Yes, Wags and Diop are the same in terms of needing to be able to play 70+ games, AND, neither is at the level people think they will reach. Obviously they are different type players, but Diop is expected to take over the starting C spot whenever Z is done, and Wagner is expected to be a starter too (though nobody knows if that will be at PG or SG!). Both Diop and DaJaun have shown flashes... Wags with his shooting, Diop with his defense... but they are very much in the same boat, and that boat is called the U.S.S. POTENTIAL

This is just my opinion, but I do not see Wags being a better player than Ricky. I really think the height factor is huge (no pun intended!)... and that is something that is gonna prevent Wagner from being a full-time starter at SG (barring injuries). I think his future is a #6 man off the bench... like Detroit's old Vinnie "the Microwave" Johnson... come in and light things up. Spot starter. Reliable sub. In today's league you have to be extra-ordinary to man any position undersized... which is why you see very few 5"10 starting PG's, and very few 6'5 starting PF's.... there are some, but they've got to be really good.... and I'm not convinced Wagner is THAT good to be a starting SG. He did it in HS, and 1 year in college.... he needs to prove it again in the bigs.

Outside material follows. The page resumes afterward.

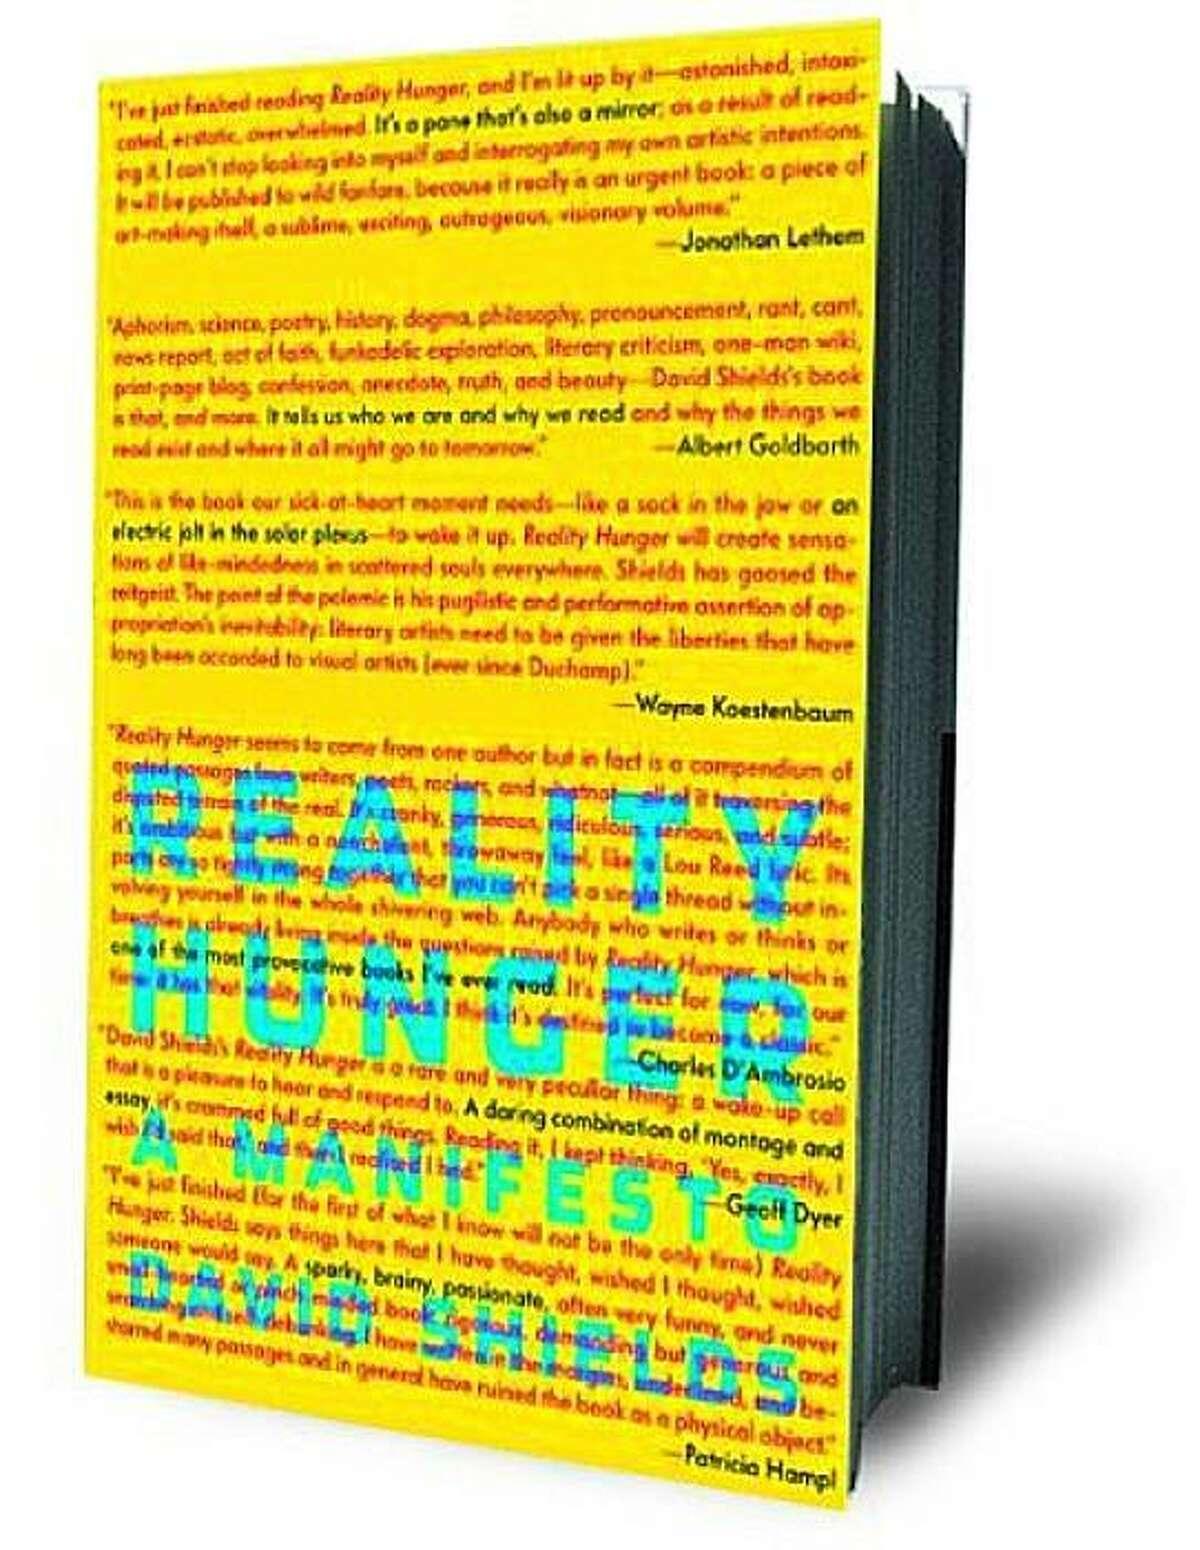 Reality Hunger: A Manifesto by David Shields
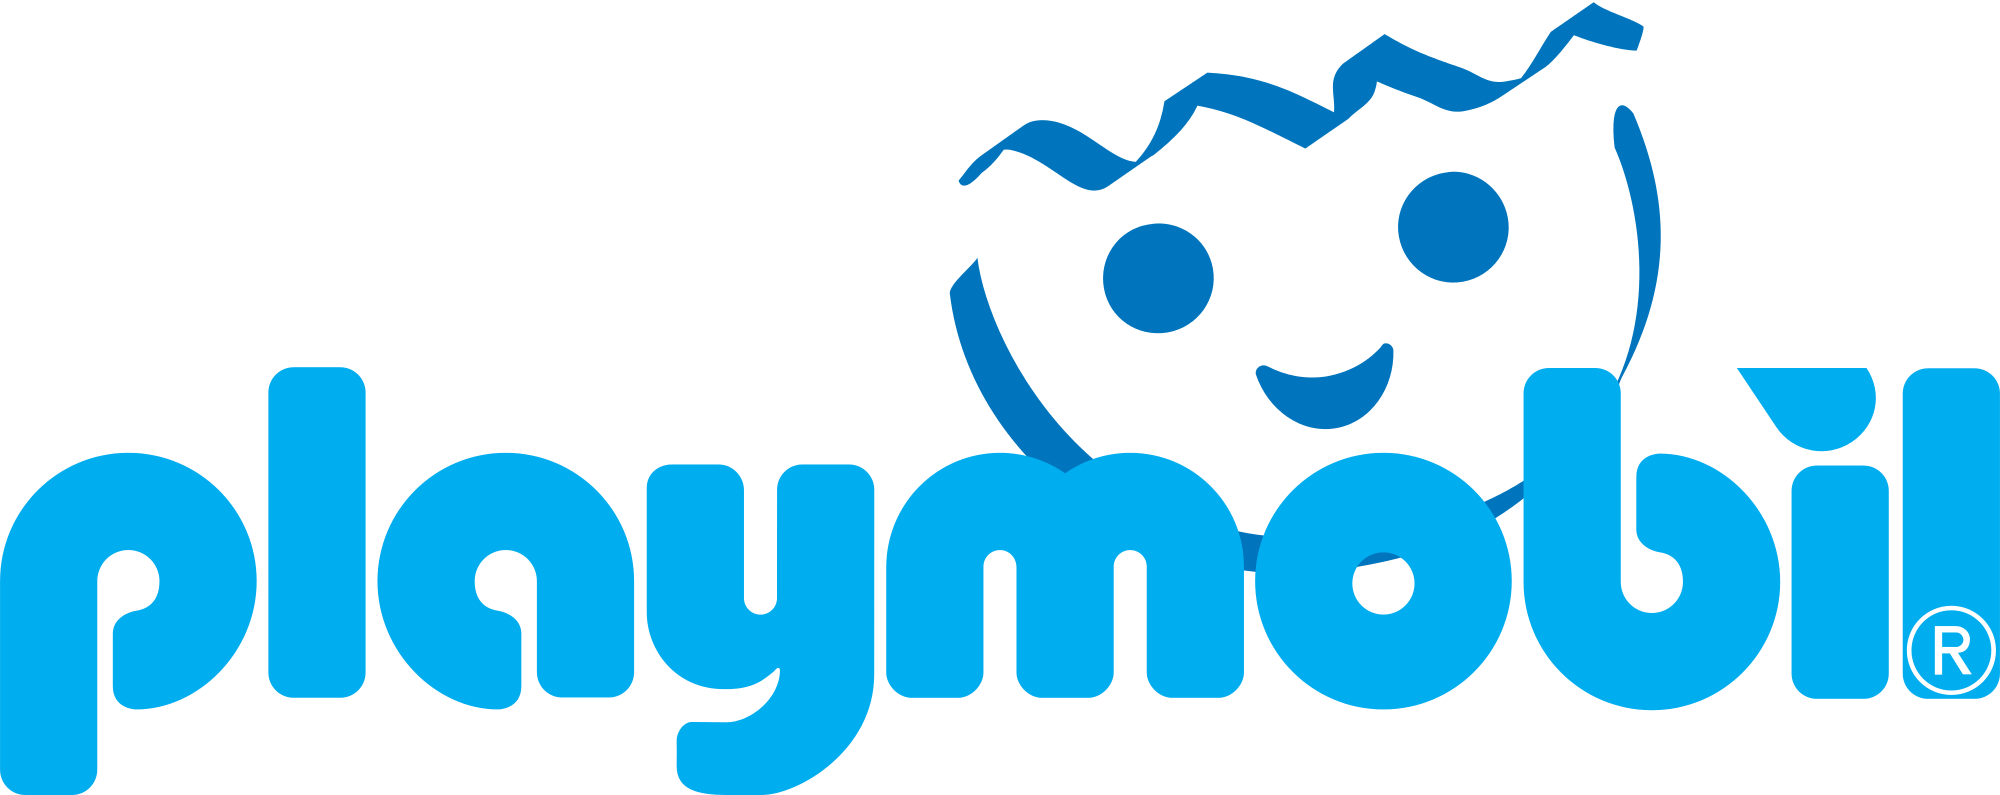 2000px-Playmobil_logo.svg

That being said, I'm glad we have him, and he is a great insurance policy for us (if healthy).


----------



## TyGuy (Apr 19, 2003)

One thing I have noticed about Wags is he doesnt have the incedibly long arms of A.I which is why he doesnt finish as well as A.I. I like his Jumper he very quick, although not as quick as A.I but hes stronger. His Defenisve right now isnt that great and he seems to dissapear from the game from time to time. I think given the youth of the team LeBron will play 30 + minutes becasue they will need him on the floor.


----------



## Cam*Ron (Apr 13, 2003)

> Originally posted by <b>TyGuy</b>!
> One thing I have noticed about Wags is he doesnt have the incedibly long arms of A.I which is why he doesnt finish as well as A.I. I like his Jumper he very quick, although not as quick as A.I but hes stronger. His Defenisve right now isnt that great and he seems to dissapear from the game from time to time. I think given the youth of the team LeBron will play 30 + minutes becasue they will need him on the floor.


If you are going by what you seen tonight he might not have been as agressive as he normally would have because he is hurt and has been hurt since his first summer game. The reason he is always hurt is because he doesn't have a healthy diet and isn't in real top athletic shape to able to play a whole year in the NBA. I hope he figures this out.


----------



## BEEZ (Jun 12, 2002)

> Originally posted by <b>TyGuy</b>!
> One thing I have noticed about Wags is he doesnt have the incedibly long arms of A.I which is why he doesnt finish as well as A.I. I like his Jumper he very quick, although not as quick as A.I but hes stronger. His Defenisve right now isnt that great and he seems to dissapear from the game from time to time. I think given the youth of the team LeBron will play 30 + minutes becasue they will need him on the floor.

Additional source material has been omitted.